# Turbo Channels by End of Year



## nostalgiaguru (Aug 12, 2008)

Turbo is still advertising 100 HD channels now, 150 by year-end. What "by year end" channels will be added?


----------



## Nick (Apr 23, 2002)

Did they say _which_ year? :lol:


----------



## phrelin (Jan 18, 2007)

Let me begin with a guess that it will include News Corp's Fox News, Fx, SPEED and maybe FUEL and/or Fox Business Network all depending on negotiations over tiers and pricing. I can't guess about chances for the Viacom owned channels that includes the MTV music channel group, Nickelodeon, Noggin, BET, Spike, and Comedy Central. Right now, I don't see much chance for the Rainbow group which includes AMC, IFC, and the problem standing in the way, the VOOM channels.


----------



## brant (Jul 6, 2008)

Nick said:


> Did they say _which_ year? :lol:


could be "fiscal year end", which may be around february or so. :grin:


----------



## HDRoberts (Dec 11, 2007)

They say "up to" 150, which means they already have meet their promise, according the the wording. 

Howver, I think we will see Viacom, maybe Fox, Chiller HD, and likely some independant networks like Outdoor Channel HD.


----------



## dennispap (Feb 1, 2007)

HDRoberts said:


> They say "up to" 150, which means they already have meet their promise, according the the wording.
> 
> Howver, I think we will see Viacom, maybe Fox, Chiller HD, and likely some independant networks like Outdoor Channel HD.


Chiller is not going hd this year. 
NBCU said they are not upgrading any of their sd channels to hd this year.
Also, the CHiller website removed their "coming in hd soon" references from their site


----------



## James Long (Apr 17, 2003)

The "how do we get to 150" question was asked when the Turbo "promise" was made ... I don't believe we are much closer to having 150 channels TO uplink and make available, unless DISH follows DirecTV's lead and adds a lot of PPV channels.


----------



## bonscott87 (Jan 21, 2003)

James Long said:


> The "how do we get to 150" question was asked when the Turbo "promise" was made ... I don't believe we are much closer to having 150 channels TO uplink and make available, unless DISH follows DirecTV's lead and adds a lot of PPV channels.


Well, they do count part time game only channels as "channel" so they can fudge their numbers just as good as DirecTV.


----------



## Paul Secic (Dec 16, 2003)

nostalgiaguru said:


> Turbo is still advertising 100 HD channels now, 150 by year-end. What "by year end" channels will be added?


It's just a name change. However I'm looking for more HD soon...


----------



## HDRoberts (Dec 11, 2007)

James Long said:


> The "how do we get to 150" question was asked when the Turbo "promise" was made ... I don't believe we are much closer to having 150 channels TO uplink and make available, unless DISH follows DirecTV's lead and adds a lot of PPV channels.
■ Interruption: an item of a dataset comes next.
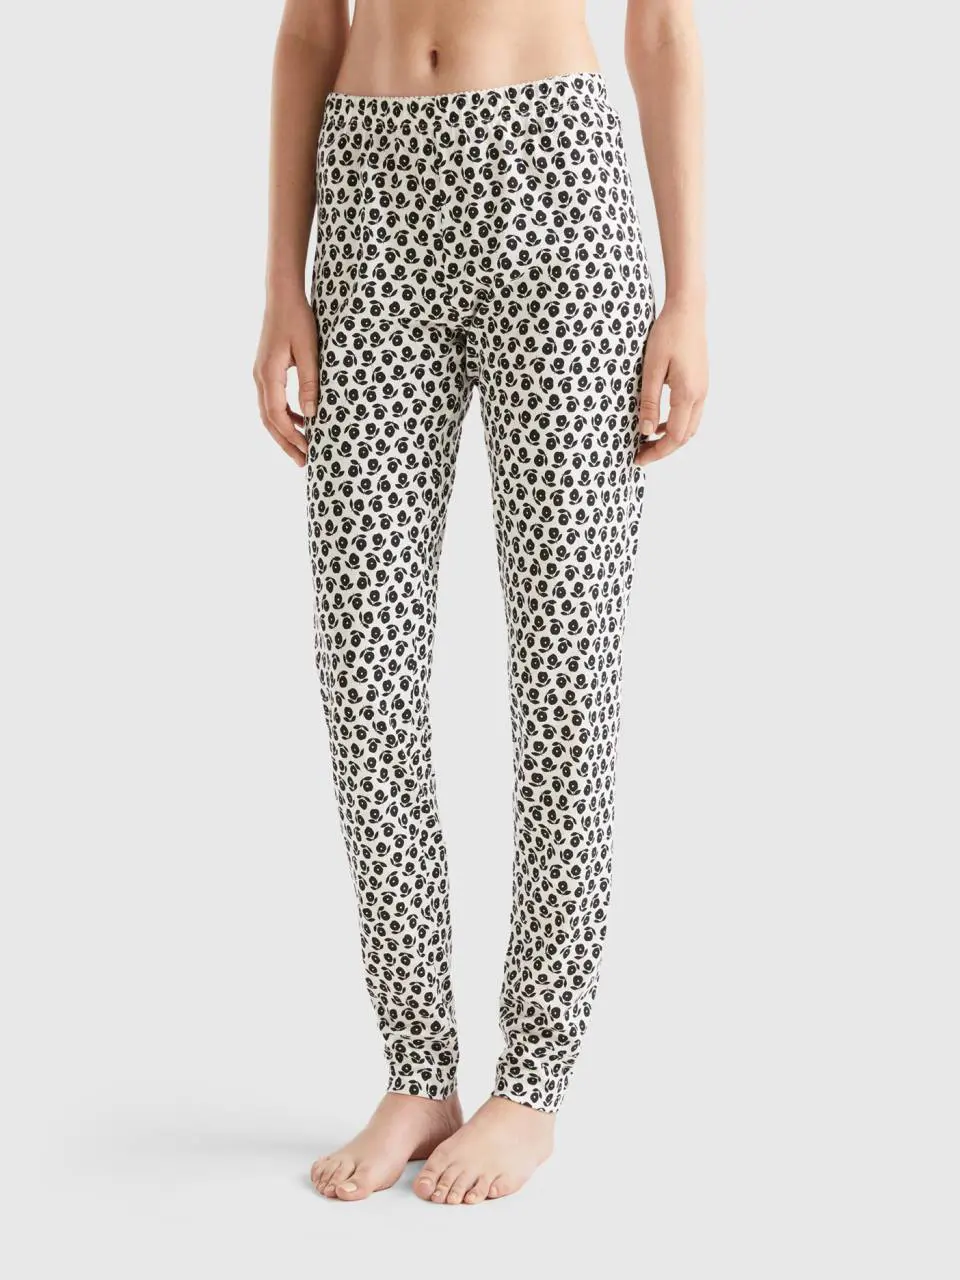 Benetton trousers with flower print. 1

Granted, you would be hard pressed to get to 150 full time linear HDs out there. However, Dish now claims 114. I've counted what's left. With nationals, new RSNs, and premiums (not even counting Voom), there will easily be 36 more channels Dish can put up. Of course, there are some I'd rather not have to keep space for future launches (like Comedy Central HD).

Here is just a sample:
Viacom - 5: MTV, CMT, VH1, Spike, Nick
Fox - 5: Fox News, Fox Buisness, FX, Speed, Fuel
Comcast (coming Dec. 8) - 4: E!, Style, G4, plus Golf and Versus seperationg
Rainbow - 4: AMC, IFC, WE, Fuse
Also add ESPNU, Outdoor Channel, and Wealth for national HD. There are also several more launching "soon"
There are alos 20 premiums (athough I don't expect all to be carried, but at leas the HD versions of the ones Dish does have could be)
Not to mention 7 RSNs not carried period.

Pleanty of HD out there, and more soon to be.

Anyway, when did NBCU announce no new HD? Seems like a few weeks ago, people were still thinking Chiller HD would be out in October. Not that I care, I hate horror.


----------



## harsh (Jun 15, 2003)

brant said:


> could be "fiscal year end", which may be around february or so. :grin:


DISH operates on a calendar fiscal year (as does DIRECTV).


----------



## harsh (Jun 15, 2003)

bonscott87 said:


> Well, they do count part time game only channels as "channel" so they can fudge their numbers just as good as DirecTV.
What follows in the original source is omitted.